Sunday, July 1, 2007

Bleak House



Balcony Toys, Orlando

As I mentioned in an earlier post, large resort hotels try to emulate some era of long-gone glory in order to impress their guests. They believe, quite falsely, that what we really want in the way of furnishings and ambiance is a place that resembles a down-market Louis XIVth brothel. For some reason they feel able to contend that it's the popular taste and defines, in the minds of their target audience, what luxury should be.

Don't know if you saw one of the early series of "The Apprentice" with Donald Trump? (I think they had something similar in the UK with Alan Sugar, a businessman about as far from Trump as it's possible to get and still be in the same galaxy!) Anyway, as the prize for winning the task one week, a bunch of the Trump wannabes got invited round to his NY apartment for dinner with he and his missus. Surprise, surprise, the interior decor looked exactly like Versailles would have done if a) they had taken all the original furnishings and then stuffed them into a place one quarter the size and b) had cross-bred the original French interior decorator with Hugh Heffner and reassigned him to Trump Towers. It was unspeakably over-the-top hideous. And yet, and yet. Without exception, the toadying acolytes on the show were breathless with excitement and admiration for what they deemed his remarkable taste in all things decorative. Crystal chandeliers, dipped-in-gold everything, large gilded mirrors, marble and onyx table tops, French china ... well, you get the picture.

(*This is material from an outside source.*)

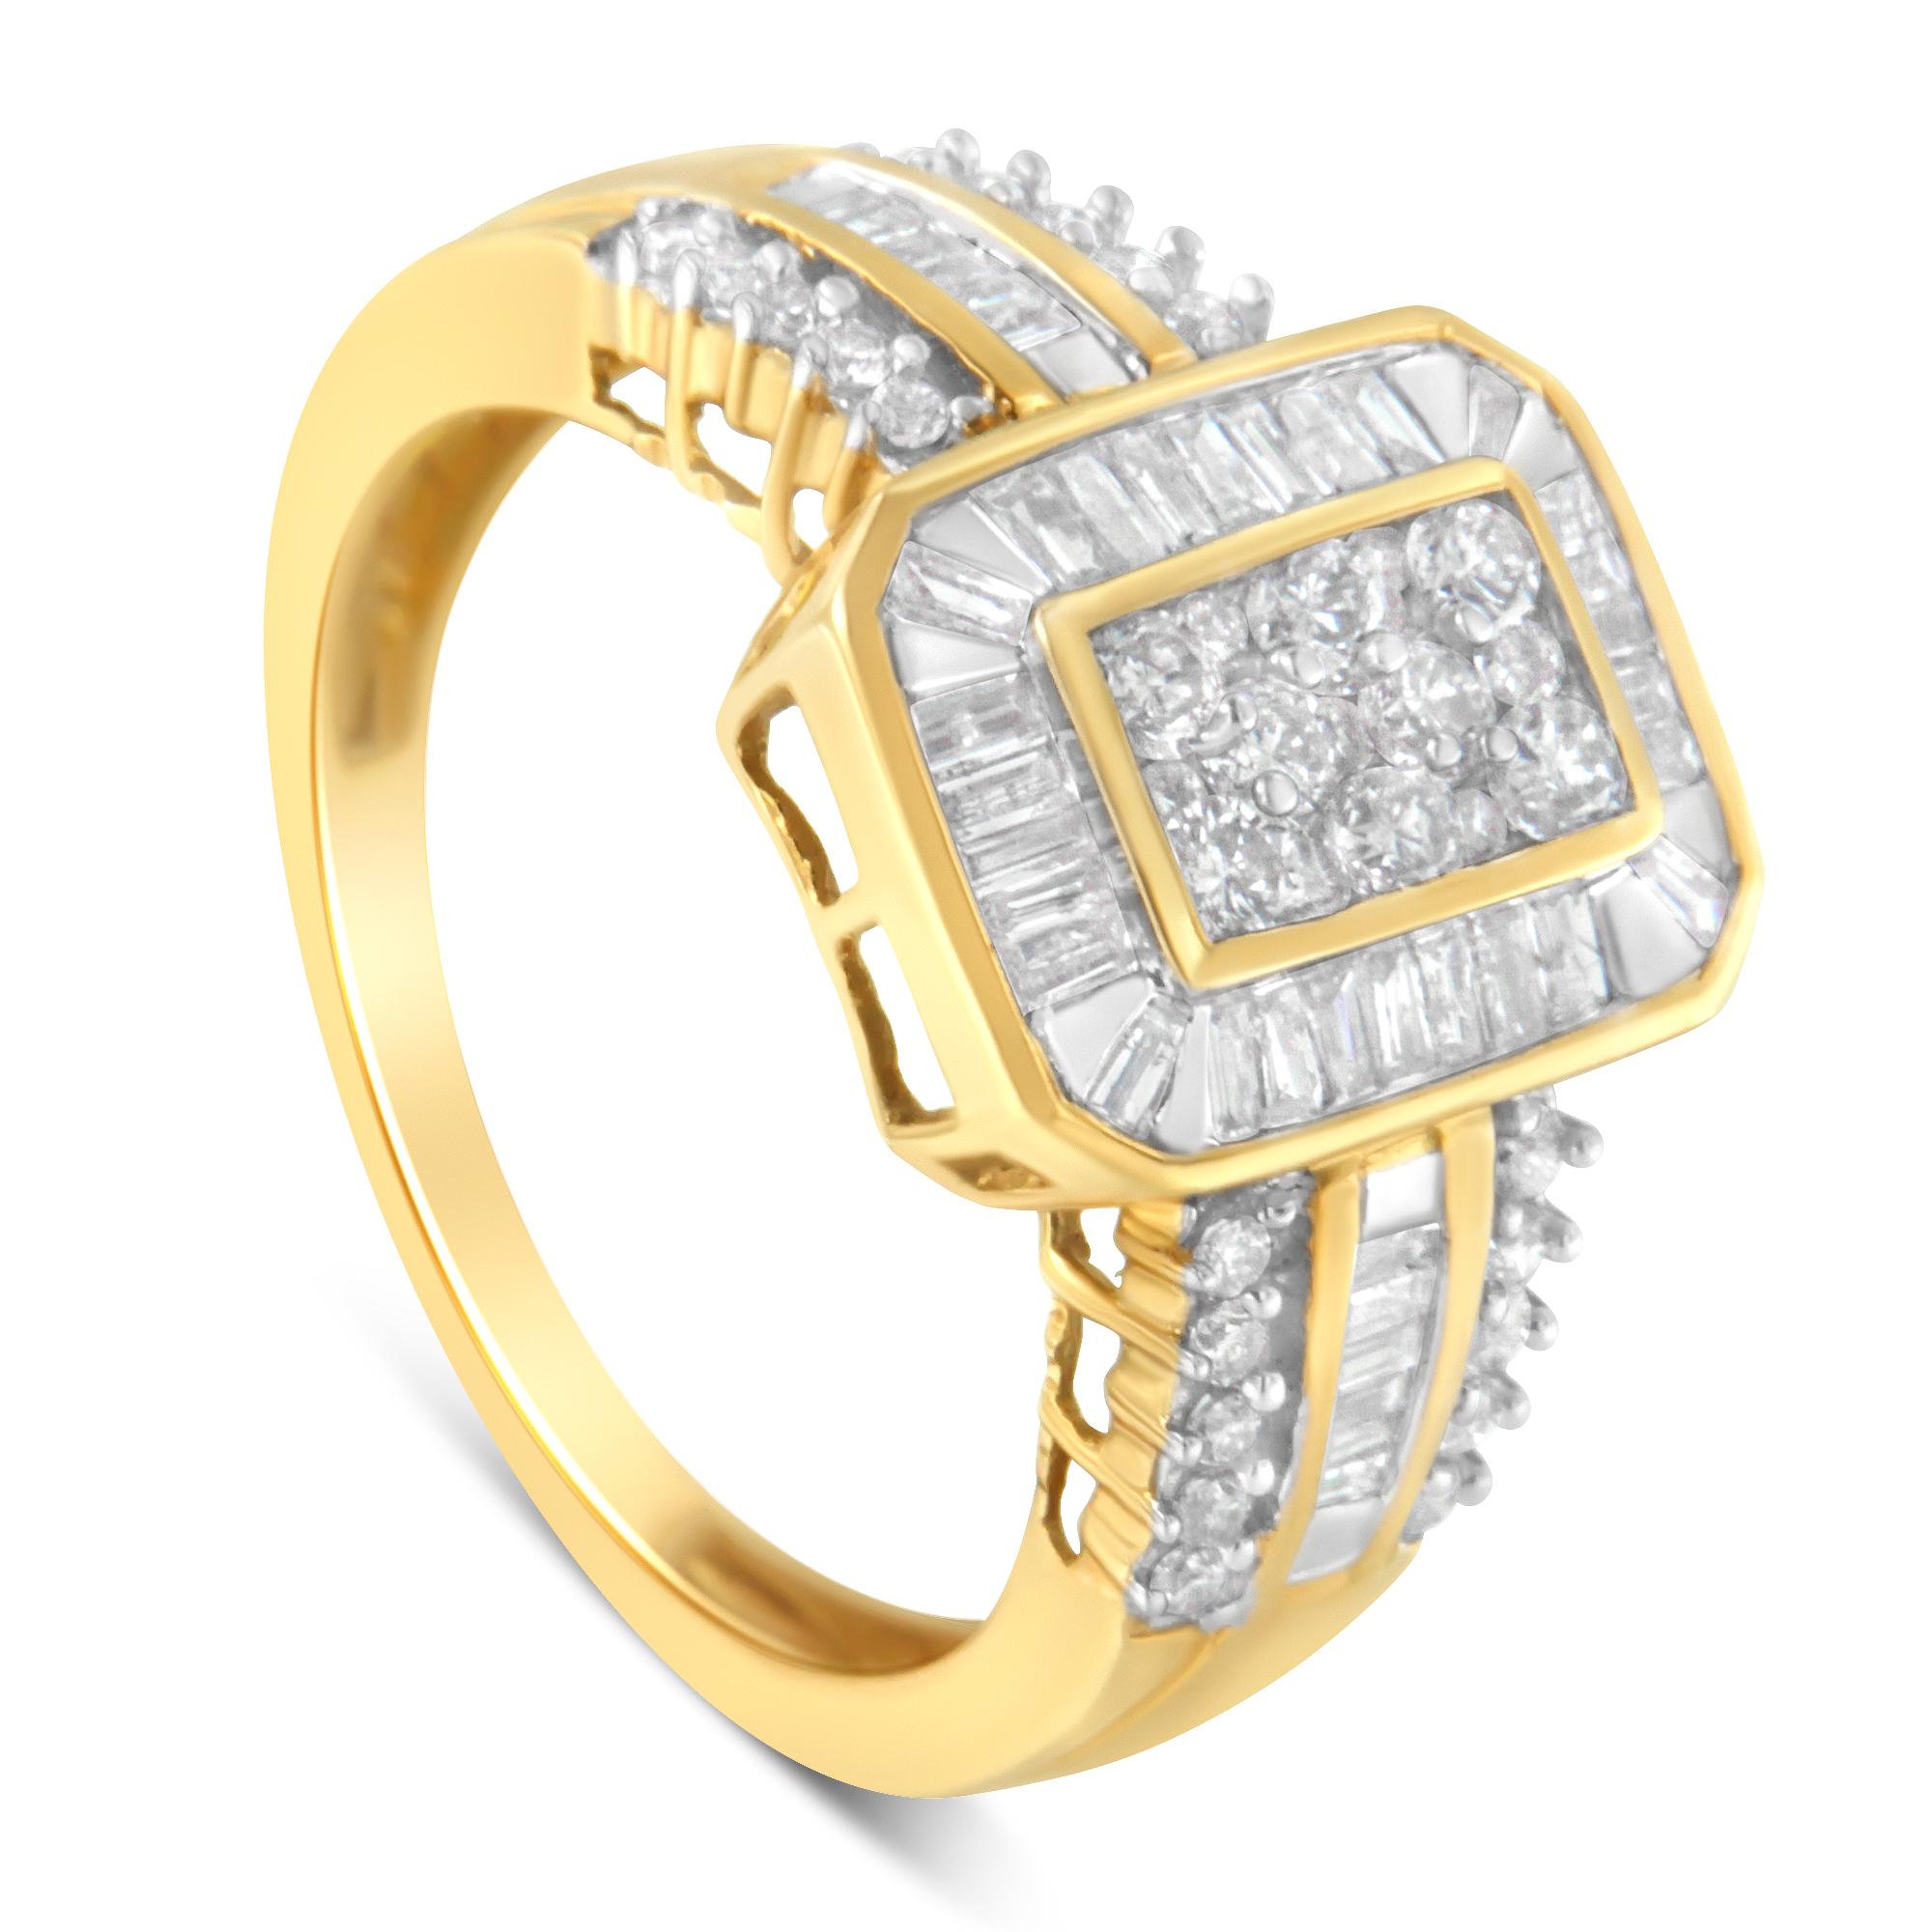 For Sale:  10K Yellow Gold 1.0 Carat Diamond Cocktail Ring 5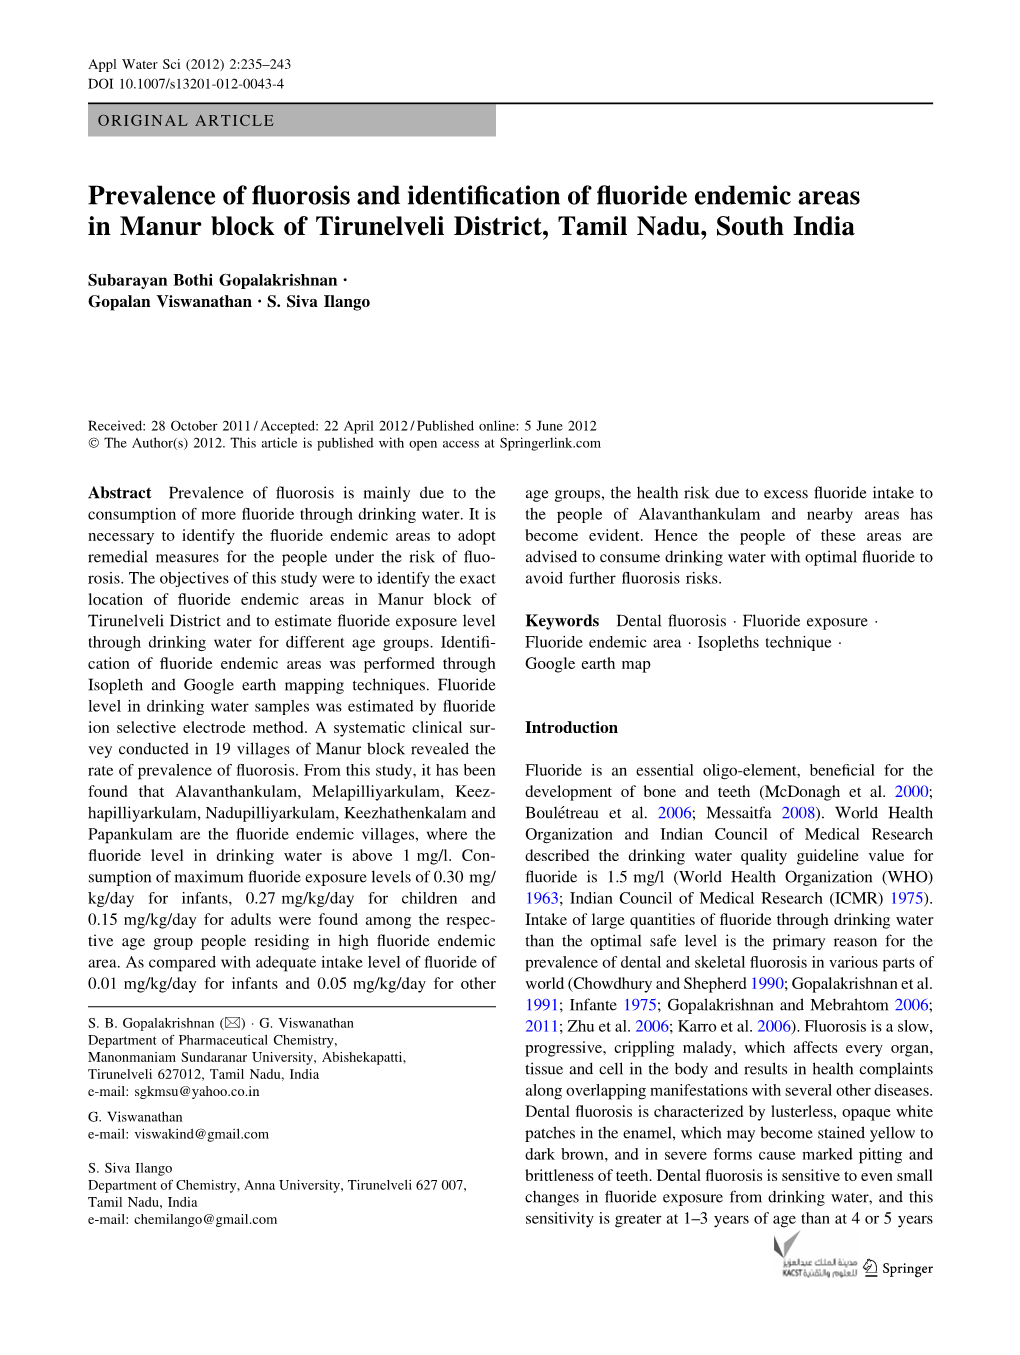 Prevalence of Fluorosis and Identification of Fluoride Endemic

If all that weren't bad enough when executed inside a hotel, they install all this stuff within a building that outside looks like it was designed by Stalin, for Stalin, and on a "grumpy day" at that.

Around the world both architecture and the decorative arts have moved on, and a long way at that. Alas, these trends have somehow by-passed the likes of Marriott, Ritz Carlton and the rest almost completely, leaving them instead mired between a past they can't get right and a future they cannot seem to grasp at all.